The Salvia genus comprises about 900 species. Salvia officinalis is a perennial evergreen subshrub, with woody stems, grayish leaves, and blue to purplish flower, native to the Mediterranean area, and is cultivated in different European countries. Sage possesses well-known carminative, antispasmodic, antiseptic, astringent, and antihydrotic properties (1,2). According to folk medicine, Salvias herbal preparations are agents that can enhance memory and improve cognitive functions (3). During last decades, several experimental studies explored the potential of medicinal plants in the management of memory disorders and to fight the age-related memory decline (4,5). Among these plants, the pharmacological actions of S. officinalis on healthy subjects and on patients suffering of cognitive decline have been studied (6,7).
S. officinalis contains monoterpenes with a broad range of carbon skeletons, including acyclic, monocyclic, and bicyclic compounds (e.g., thujone, 1,8-cineole, camphor), diterpenes (e.g., carnosic acid), triterpenes (e.g., oleanoic and ursolic acids), and phenolic compounds such as rosmarinic acid (8,9).
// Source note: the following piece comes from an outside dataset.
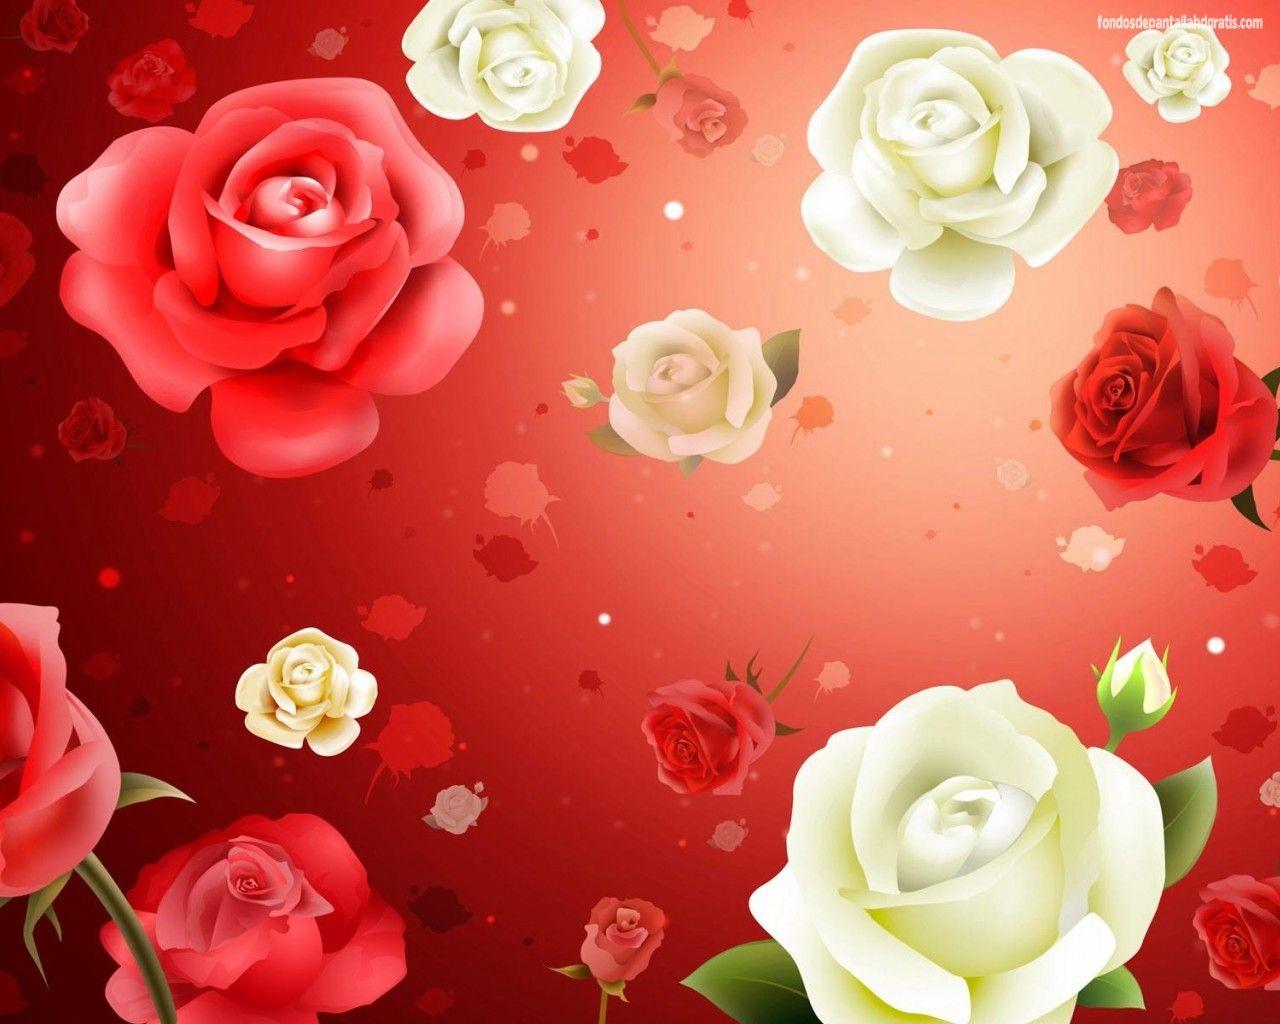 Fondos De Flores Wallpapers Hd Gratis: Fondos De Flores Gratis Para Protector De Pantalla 12 HD
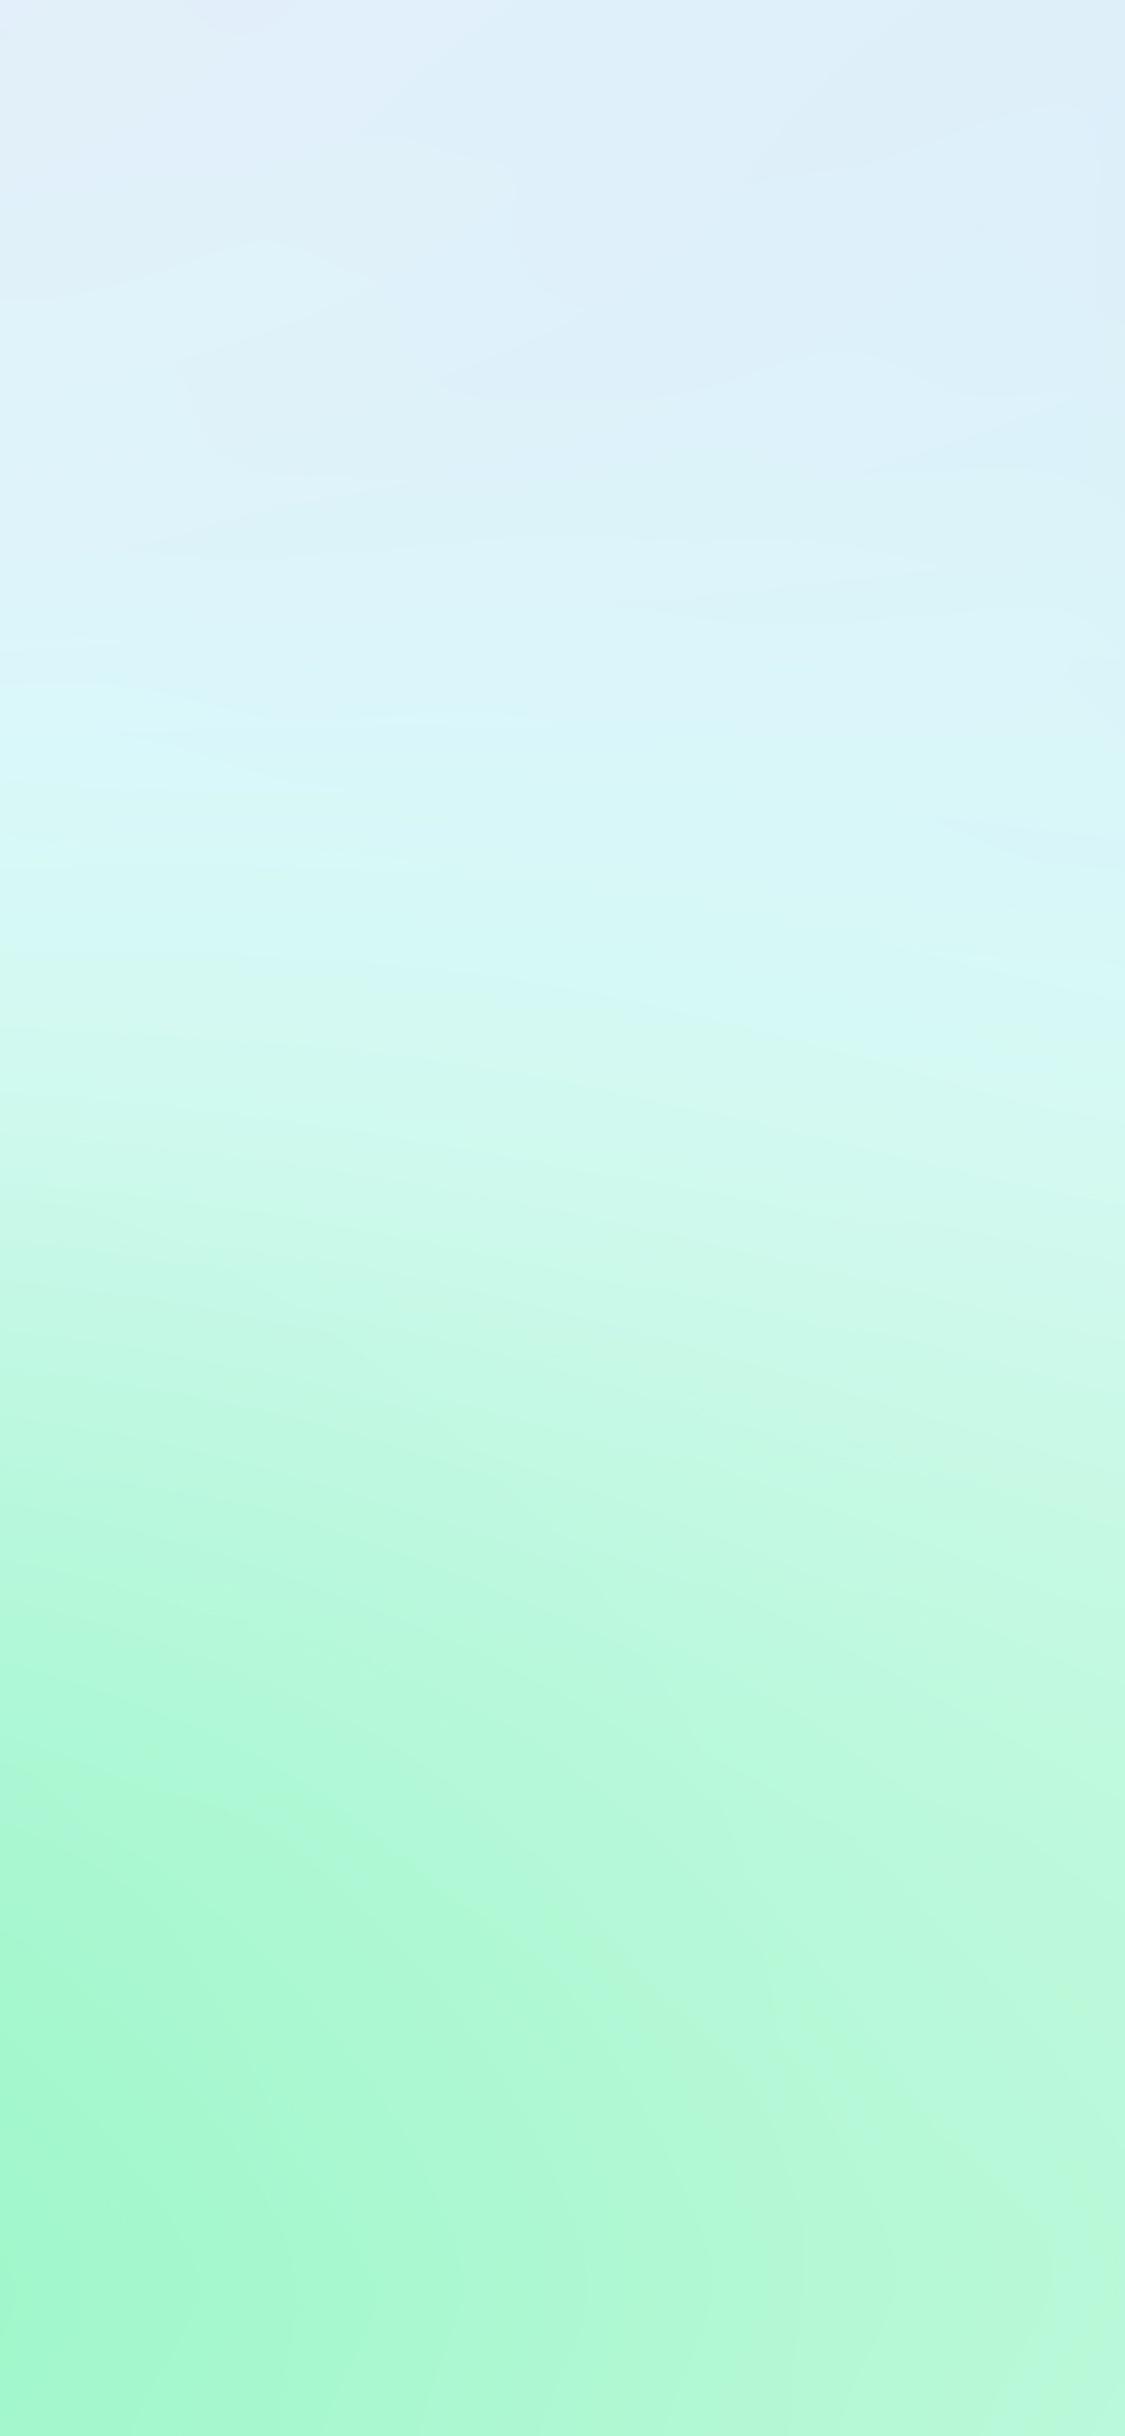 iPhoneXpapers.com-Apple-iPhone-wallpaper-sk14-cute-green-blur-gradation

Several Salvia species and their isolated constituents possess significant antioxidant and anti-inflammatory activities (10). Extracts of Salvia have been reported to have cholinergic activities relevant to the treatment of Alzheimer’s disease. Inhibition of butyrylcholinesterase was also shown by individual constituents, such as 3-carene and beta-pinene (11). It was shown that administration of extracts of S. officinalis or S. lavandulae folia potentiate memory retention and also interact with muscarinic and nicotinic cholinergic systems that are involved in the cognitive and memory processes (12).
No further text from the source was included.